Information supplied ::

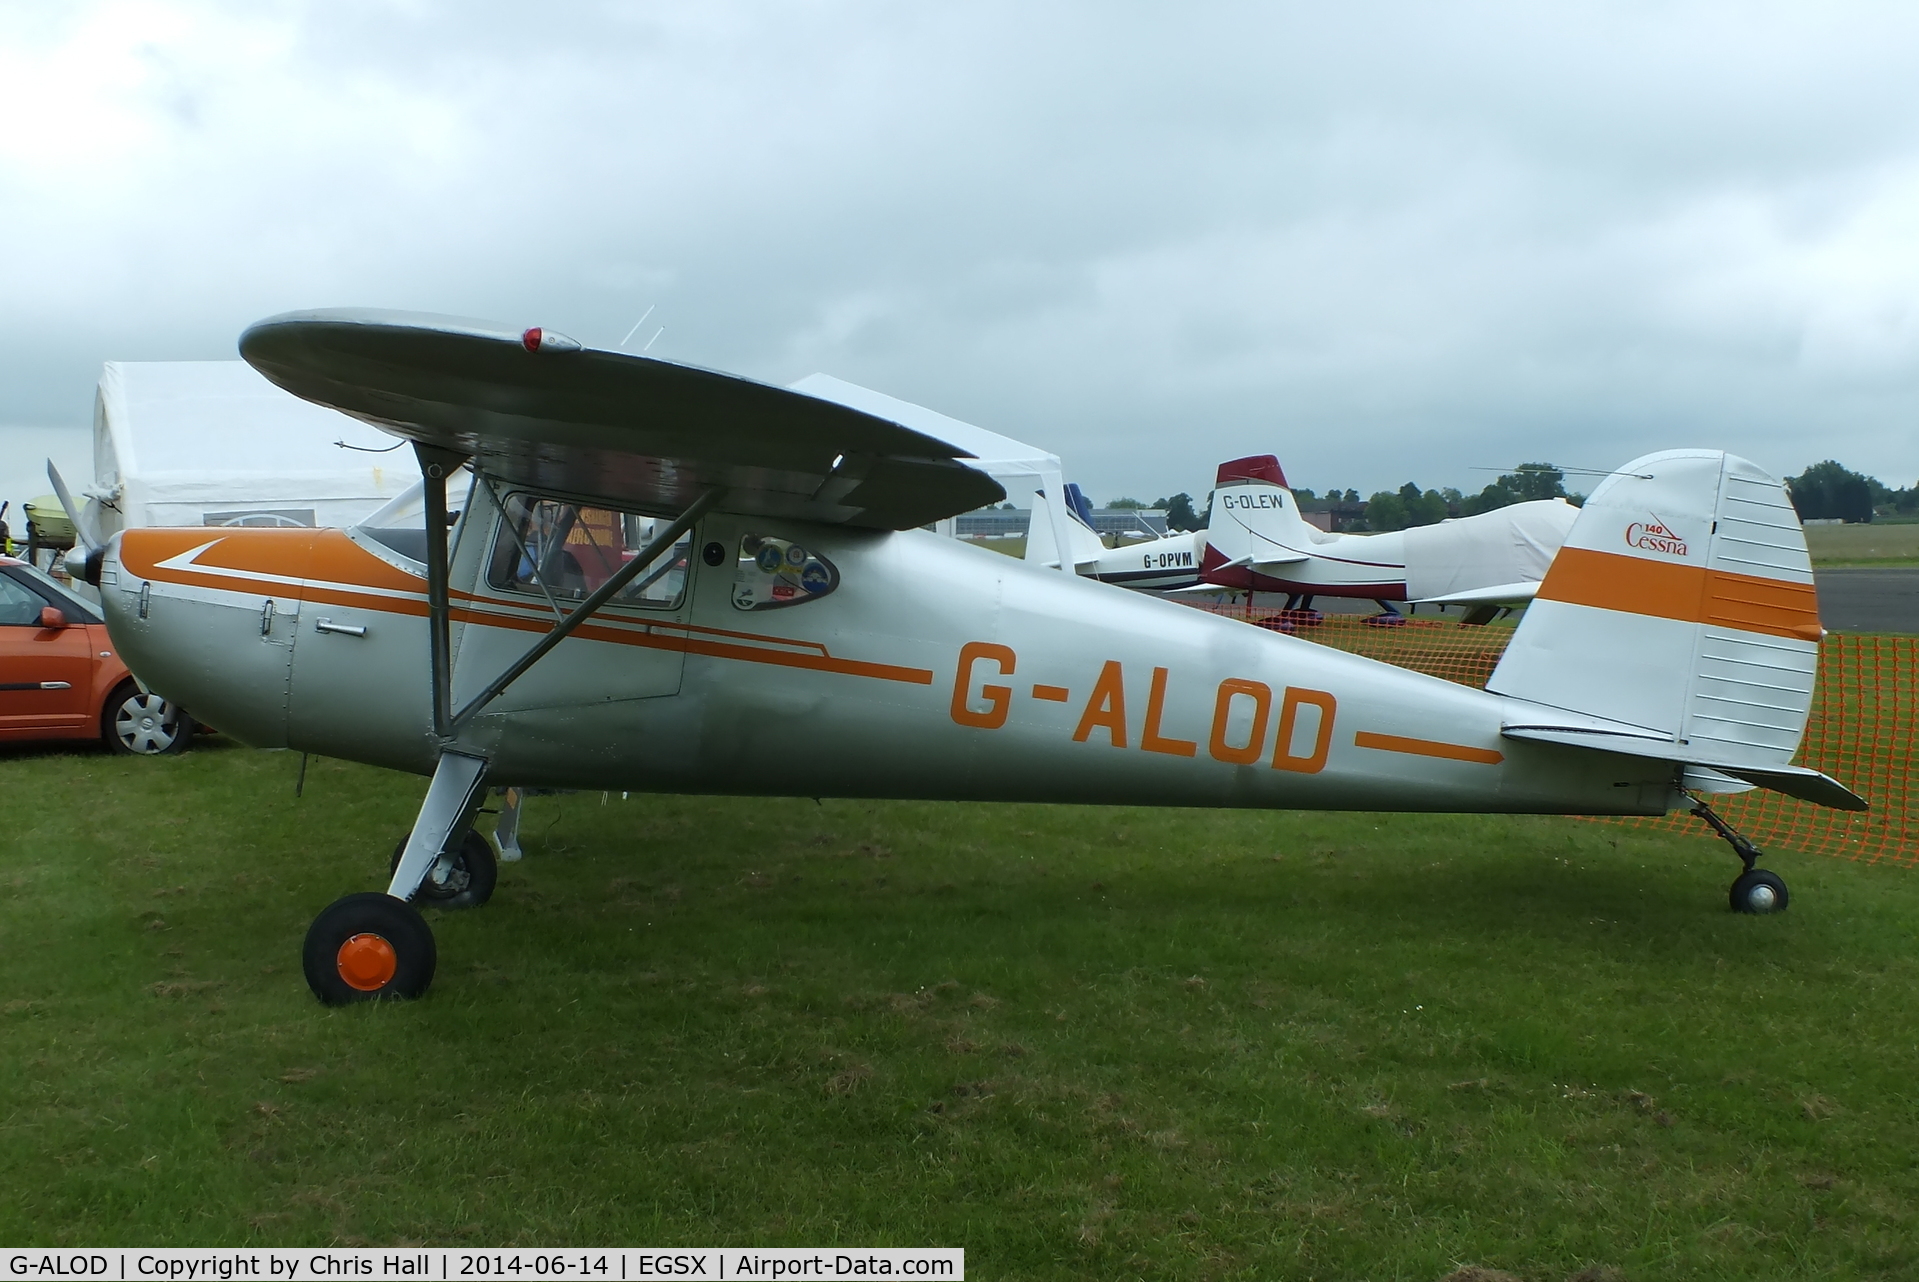 G-ALOD, 1947 Cessna 140 C/N 14691, at the Air Britain fly in
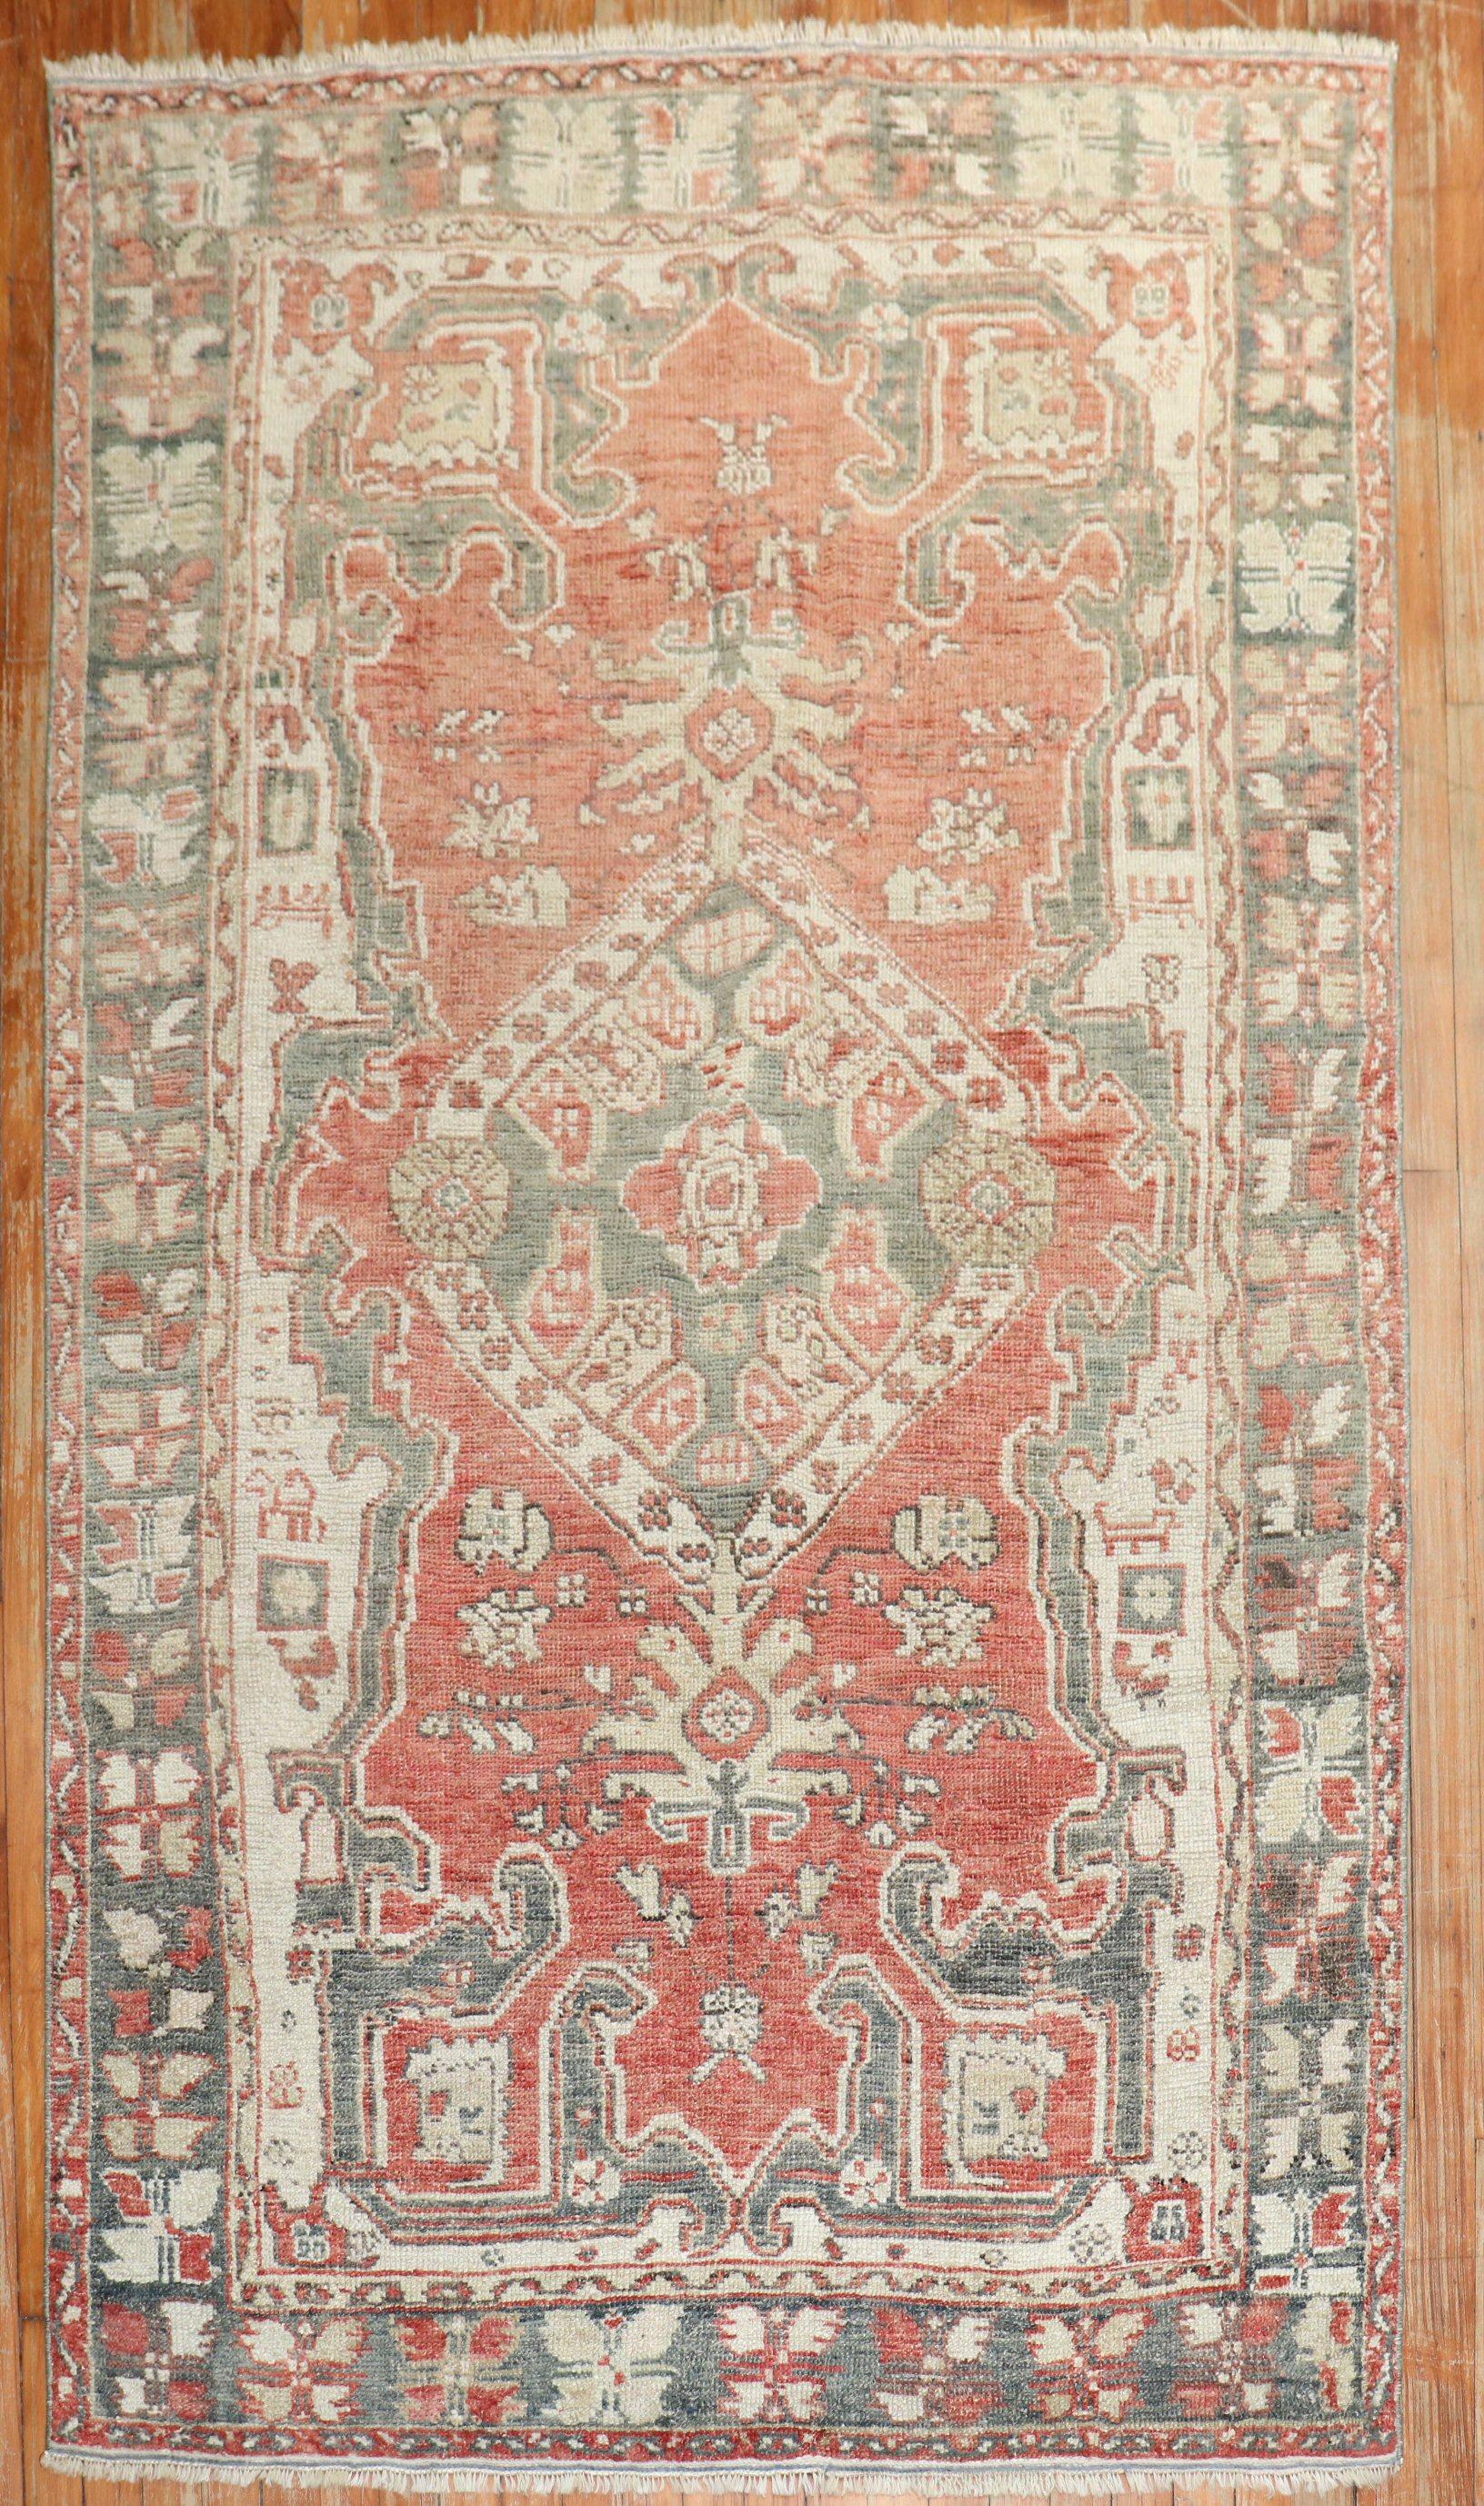 A vintage Turkish Kula carpet from the 2nd quarter of the 20th century in brick red, ivory, brown and gray

Measures: 4'3'' x 7'4''.

The problem ::
With pictures excluded, output the listing above exactly as it stands.

Answer space ::
 G-ALOD, 1947 Cessna 140 C/N 14691, at the Air Britain fly in
 A vintage Turkish Kula carpet from the 2nd quarter of the 20th century in brick red, ivory, brown and gray

Measures: 4'3'' x 7'4''.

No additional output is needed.